What we are seeing
- Prime Minister Trudeau confirmed that the government was expanding eligibility requirements for businesses to qualify for the Canada Emergency Business Account (CEBA). Previously, eligible businesses had to have a payroll between $50,000 and $1,000,000 annually. Following the expansion, businesses with a payroll between $20,000 and $1,500,000 are now eligible. The CEBA is a $40,000 interest-free, government-backed loan to help cover operating costs for eligible businesses during a period where revenues have been temporarily reduced.
- The $40,000 CEBA loan is interest-free, with a quarter of the loan being eligible for complete forgiveness if $30,000 is fully repaid on or before December 31, 2022. If the loan is not repaid by December 31, 2022, it can be converted into a 3-year term loan with interest starting to accrue.
- The Government plans to introduce the Canada Emergency Commercial Rent Assistance Program, which will provide loans, including forgivable loans, to commercial property owners who will be required in turn to provide small businesses with rent reductions for April, May and June. The assistance is being rolled out in collaboration with the provinces and territories as rent policy is largely the responsibility of provinces and municipalities.

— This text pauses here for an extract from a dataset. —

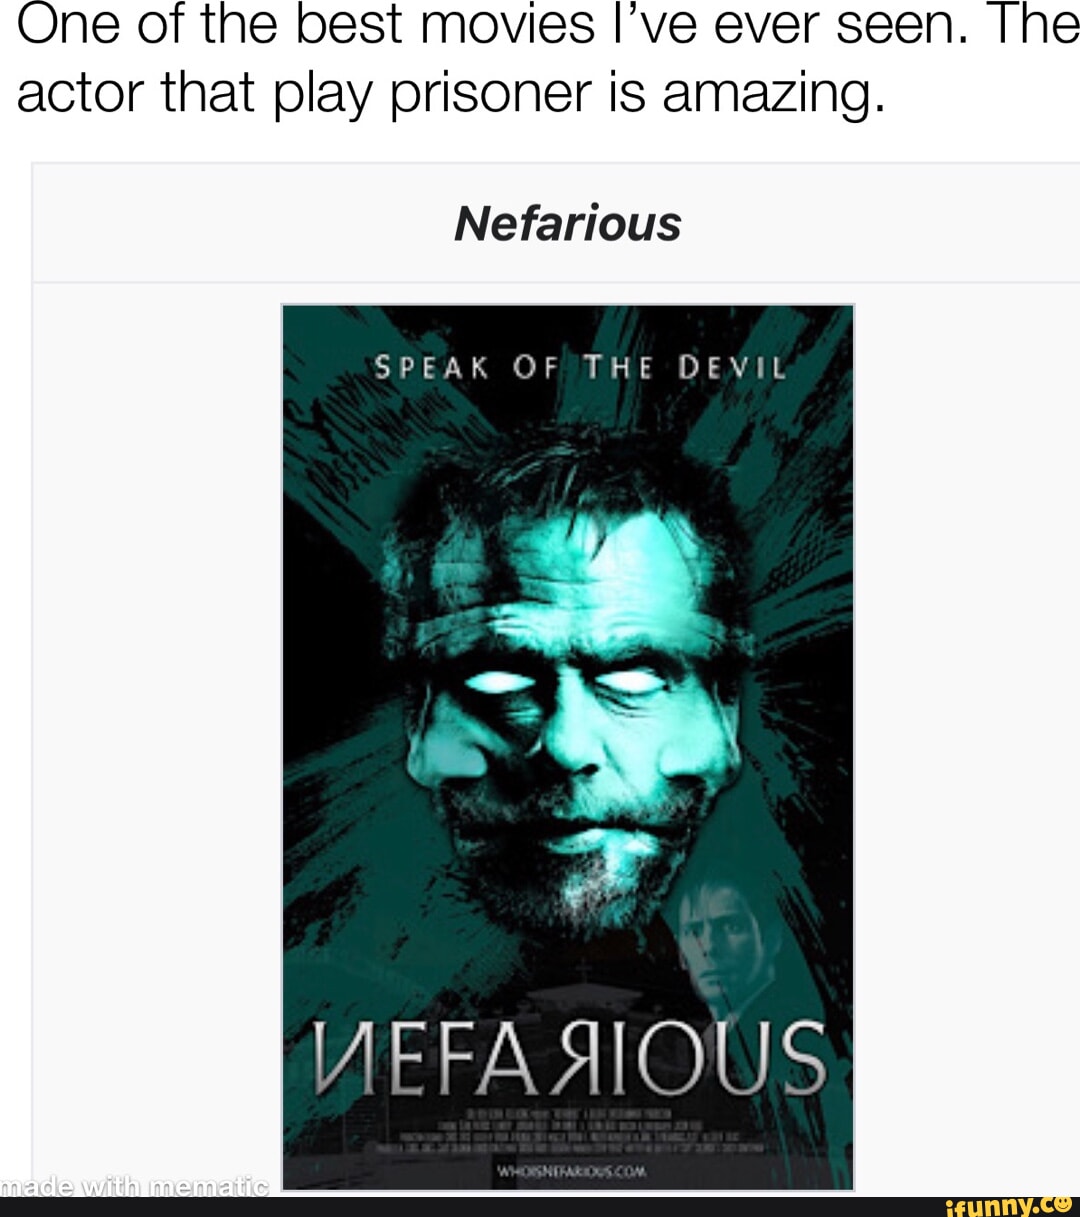 One of the best movies I've ever seen. [he actor that play prisoner is

- After a long wait, the Government of Canada today announced the following support for the energy industry:
- $1.7 billion to clean up orphan and inactive wells in Alberta, Saskatchewan, and BC. This is expected to support jobs, including maintaining 5,200 jobs in Alberta, and help landowners affected by abandoned wells.
- $750 million for an emission reduction fund to reduce methane emissions and create and maintain jobs in pollution reduction:
- $75 million to help offshore industry.
- repayable contributions to firms to reduce waste and pollution and protect jobs.
- fixing issues such as methane leaks.
- Re cash crunch for energy companies.
- an estimated 10,000 jobs will be maintained.
- BDC/EDC to expand credit support for at-risk medium sized companies.
- The following additional support for small businesses was also announced:
- $962 million to regional development agencies and the community futures network, to help smaller employers, especially in rural areas and businesses that do not have a relationship with traditional financial institutions
- $270 million to support innovators and early stage firms who do not qualify for the CEWS.
- $500 million is being provided to Heritage Canada for wage support and funding for liquidity problems.
What we are hearing
- After a period of leveling off, the number of COVID-19 cases is again trending up based on the most current statistics provided by Alberta’s Chief Medical Officer , who believes that we have not yet seen the peak of COVID-19 in Alberta. However, the number of cases, hospitalizations, and deaths from COVID-19 are all below the expected levels based on the provincial models.
- Dr. Hinshaw confirmed again the safety of working in meat packing plants and the steps being taken to maintain that safety.
- Dr. Hinshaw reminded Albertans that golf courses and driving ranges are not an essential service, though many petitioners hope that status will be changed soon.
- Alberta Health Services has issued 15 enforcement orders throughout the province related to COVID-19 concerns referred to as “a public health nuisance.”
- Despite the fact that all individuals within a business found to be in violation of public health, including owners, workers, volunteers, and patrons, are subject to a $1,000 penalty, some businesses have been trying to continue to generate revenue in order to survive the state of emergency. Some have estimated that the restaurant industry has already lost 95,000 jobs since the start of the pandemic, with Restaurants Canada opining that it believes 10% of Alberta eateries have already permanently closed and another 18% of its Alberta members could be lost if conditions don’t improve by early May. It is not clear if these estimates take into account the additional assistance for small businesses recently announced by the Federal Government, though clearly there will be businesses lost as a result of current restrictions.
What we are hearing
- Some employers were forced to implement a wage reduction once the statement of emergency was implemented as their revenue drop was immediate. These employers may now be seeking assistance through the Canada Emergency Wage Subsidy (CEWS), which provides a 75% wage subsidy to eligible employers for up to 12 weeks, retroactive to March 15, 2020 https://www.canada.ca/en/department-finance/economic-response-plan/wage-subsidy.html
- We have been asked if the employer, when applying for the CEWS, must return employees to their pre-crisis wage. The answer appears to be yes. According to the CEWS information page:
- The subsidy is up to 100% of the first 75% of pre-crisis wages or salaries of existing employees.
- Employers are expected where possible to maintain existing employees’ pre-crisis employment earnings.
- The pre-crisis remuneration for a given employee is based on the average weekly remuneration paid between January 1 and March 15 inclusive, excluding any 7-day periods in respect of which the employee did not receive remuneration.
- The intention of the CEWS continues to be that employees will receive 100% of their pre-crisis earnings, with the employer paying the remaining 25%, but this employer top-up is still described as an expectation, but not a program requirement and something an employer is only required to try to do on a best efforts basis. We have been provided with no guidance as to how the government will evaluate whether employers indeed made their best efforts to pay the 25% top-up amount.